Microsoft Begins Testing Speech Server 2007

Microsoft today formally opened up a public beta test of the Microsoft Speech Server 2007, a significant upgrade to its voice recognition and telephony server with a host of new features and technologies.

Speech Server 2007 is the third release of Microsoft’s speech and telephony platform but the first to feature VoiceXML , the approved industry standard markup language for voice command recognition. In previous versions, Microsoft had been championing another standard, SALT, which never received W3C approval.

Microsoft Speech Server is an interactive voice recognition (IVR) platform that provides speech and telephony systems on a single platform. Applications can be written to take either keypad or voice input for applications like customer service or support.

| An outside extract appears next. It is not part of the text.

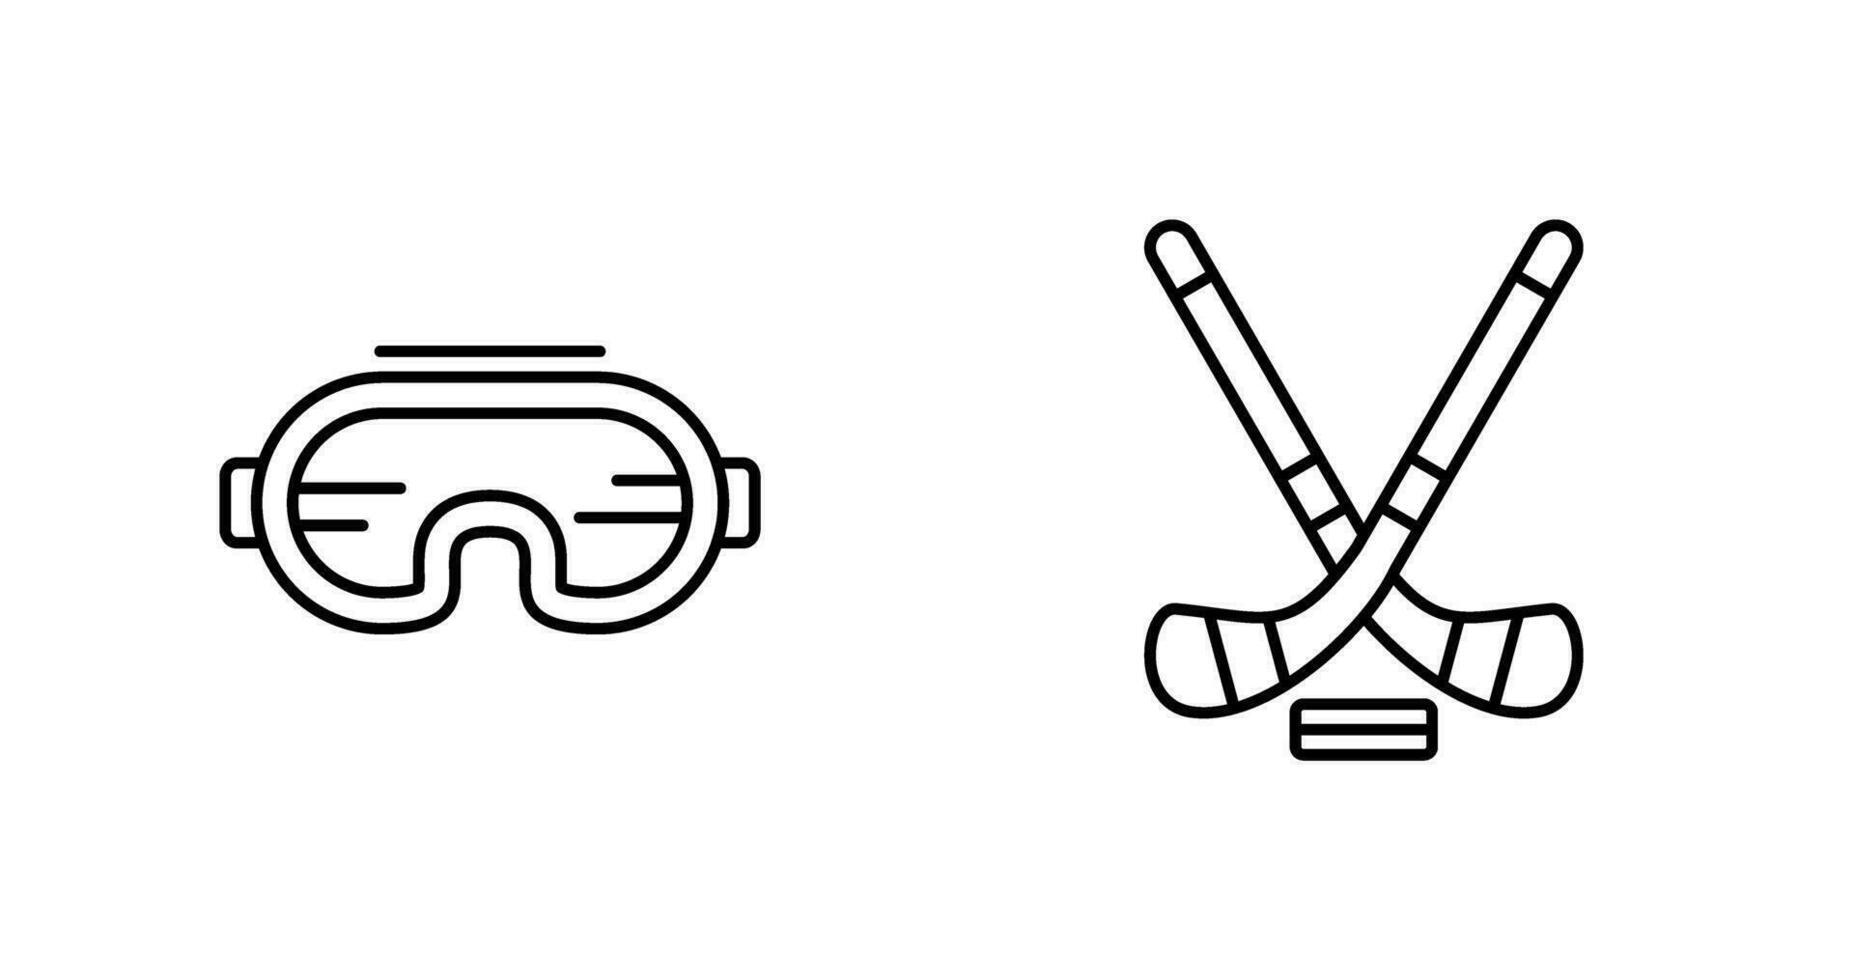 Goggle und Eis Eishockey Symbol vektor

The new version is fully integrated with Visual Studio 2005 and uses the Windows Workflow Foundation libraries found in WinFX. As part of this integration, Speech Server 2007 comes with a Dialogue Workflow Designer built on the Windows Workflow Foundation.

In Visual Studio, a developer can make a new voice-driven application, drag an event like a prompt for input from a toolbar to the video design, attach an audio file to that action and the actions to take based on user input. All of this is done in a visual representation of the call flow without writing code.

Microsoft did this because that’s how its customers were designing their voice applications in the first place. “As we talk to customers, very often design of these apps was done by a committee in Visio, and then they had to go and code it by hand,” said Clint Patterson, director of product management for Microsoft Speech Server.

“So when they made changes to it, there wasn’t a 1-to-1 representation. Here, when you change a prompt or response, you simple go into this app and edit it from the visual layout.”

Because the application is built on the Workflow foundation, it’s possible to connect the main voice-driven application to other applications. It can kick off other processes, pass information or launch other applications. “So the IVR is no longer an isolated workflow in a call center but it’s interacting with other workflows,” said Patterson.

Another new feature in Speech Server 2007 is a natural speech recognition and processing system called Conversational Understanding. It allows a caller to speak more naturally and the system to handle that more natural speech.

One aspect is that it knows all of the different ways people can say the same thing, like how people may place an order. Rather than hand-code all the different ways people might say “I’d like to order a pizza,” Speech Server generates its own wild cards.

Complimenting this is the Grammar Design Advisor, which acts as a grammar checker for applications before they are deployed. It examines all of the voice input prompts programmers build into an application and corrects their bad grammar. That way, at least the caller has to speak properly.

Other features include native support for VoIP, including Session Initiation Protocol (SIP) and Real-Time Transport Protocol (RTP) support out-of-the-box and the Analytics Studio and Business Intelligence Tools to provide users with customized, detailed usage reports. Analytics Studio will provide a variety of predefined reports while Business Intelligence Tools provide managers with a long-term view of caller behavior.

Daniel Hong, senior voice business analyst with Datamonitor, said the speech recognition market has been lacking a big name developer like Microsoft to really promote the idea of voice-driven applications, but Microsoft could change that.

“Speech recognition is still pretty expensive and quite an investment,” he said. “A lot of organizations have a hard time justifying the cost of speech. Microsoft Speech Server is significantly cheaper than other solutions out there when looking at total cost of ownership.”

Speech Server 2007 is due in the fall. It will be available globally with keypad input support but language support will be limited to the U.S., U.K. and German language.